I like public transport, and I enjoy software engineering. For a long time, I wanted to build a project that worked with data end-to-end. From data ingestion throughout the analysis to the presentation to the external end user. The only thing that stopped me was not finding an analysis topic I would want to dive into (low-effort excuse, I know, but it is what it is). As I am growing an interest in public transportation and am a day-to-day user of it, I have recently found a topic I would like to explore - an average wait time at a stop.

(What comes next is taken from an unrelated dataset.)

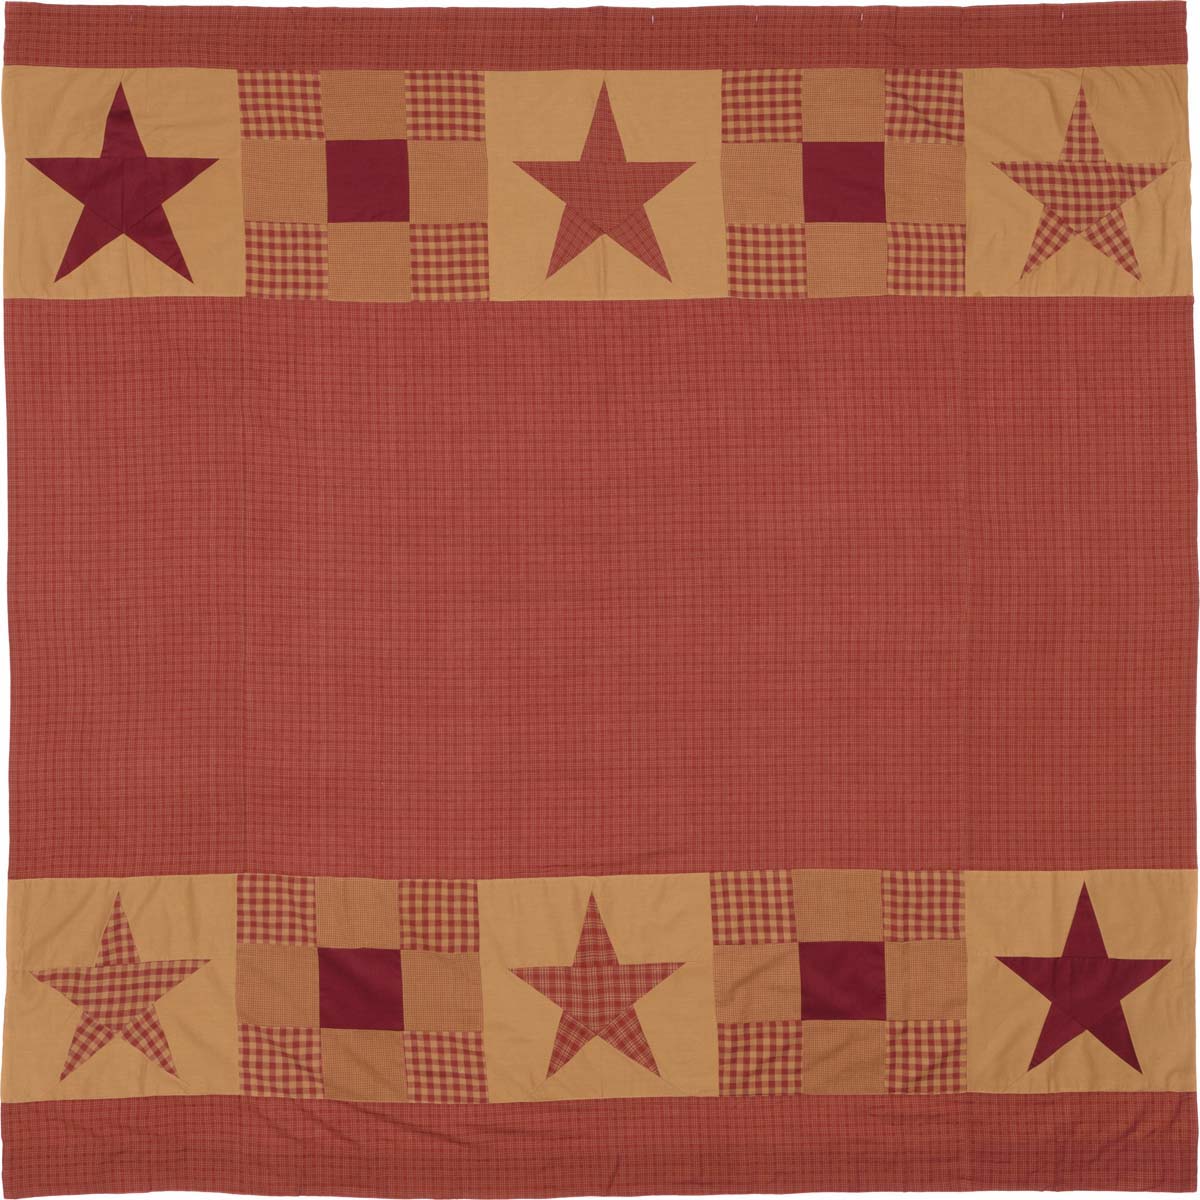 Mayflower Market Ninepatch Star Shower Curtain w/ Patchwork Borders 72x72 By VHC Brands

Why is average wait time important?

This is an oddly specific metric. But, the usability of public transport largely depends on its frequency. Ideally, in a densely populated area, you would want to see a bus/tram at a stop for the same route every 5-10 minutes. At such frequencies, there is no need to check an app; you walk to a stop, and there is a good chance your ride will be within minutes. There are other nonobvious consequences, such as safety. If you do not feel comfortable in a current vehicle, taking off at the next stop and waiting 5-10 minutes for the subsequent transport is not a big deal. Overall, reliable frequency is essential. Even if it is a less populated area, having a 15-minute wait time in 90+% of cases is already very impressive and will boost ridership.

About the project

You cannot improve what you cannot measure, which is what this project is about. Luckily, many public transit agencies provide a real-time feed of their vehicles that can be used by services such as Google Maps and the Transit app. Using the real-time vehicle location data, we can calculate how frequently vehicles visit each stop. Then, we can display the statistics to curious users via a web page. Below is a mockup of the UI.

Mockup of UI for the project

For the data source, I chose the GTFS-rt (GTFS real-time) feed from Mississauga Transit Agency (MiWay). I use their services frequently and am personally interested in metrics. As a tribute to the data source, I named the project MiWaitWay.

I plan this project to be educational - learning new tools and solving new problems. The secondary goal is to help me understand a bit more about how public transport is run. Because I want to learn specific tools, part of the tech stack is already decided. As I want to learn more about Google BigQuery, I will build on Google Cloud. Using other Google services, such as cloud storage or compute engine (VMs), naturally makes sense. Apache Airflow - a widely known orchestration tool - will also be used. Other tech choices can be made later.

High-level system design

To constrain costs and keep it simple (KISS), I will host the project on a single VM on Google Cloud. The high-level system design is below.

Simple diagram of potential system design for the MiWaitWay project

As a disclaimer, I have already started the project, but it is in the early stages. I will write about what has been done so far in the following articles. After that, I will continue developing and sharing insights about the project. Feel free to check the MiWaitWay Github repository.

The idea to share the progress of the project was inspired by Building an Uber clone series by Juraj Majerik and subsequent coverage of Juraj’s work in The Pragmatic Engineer.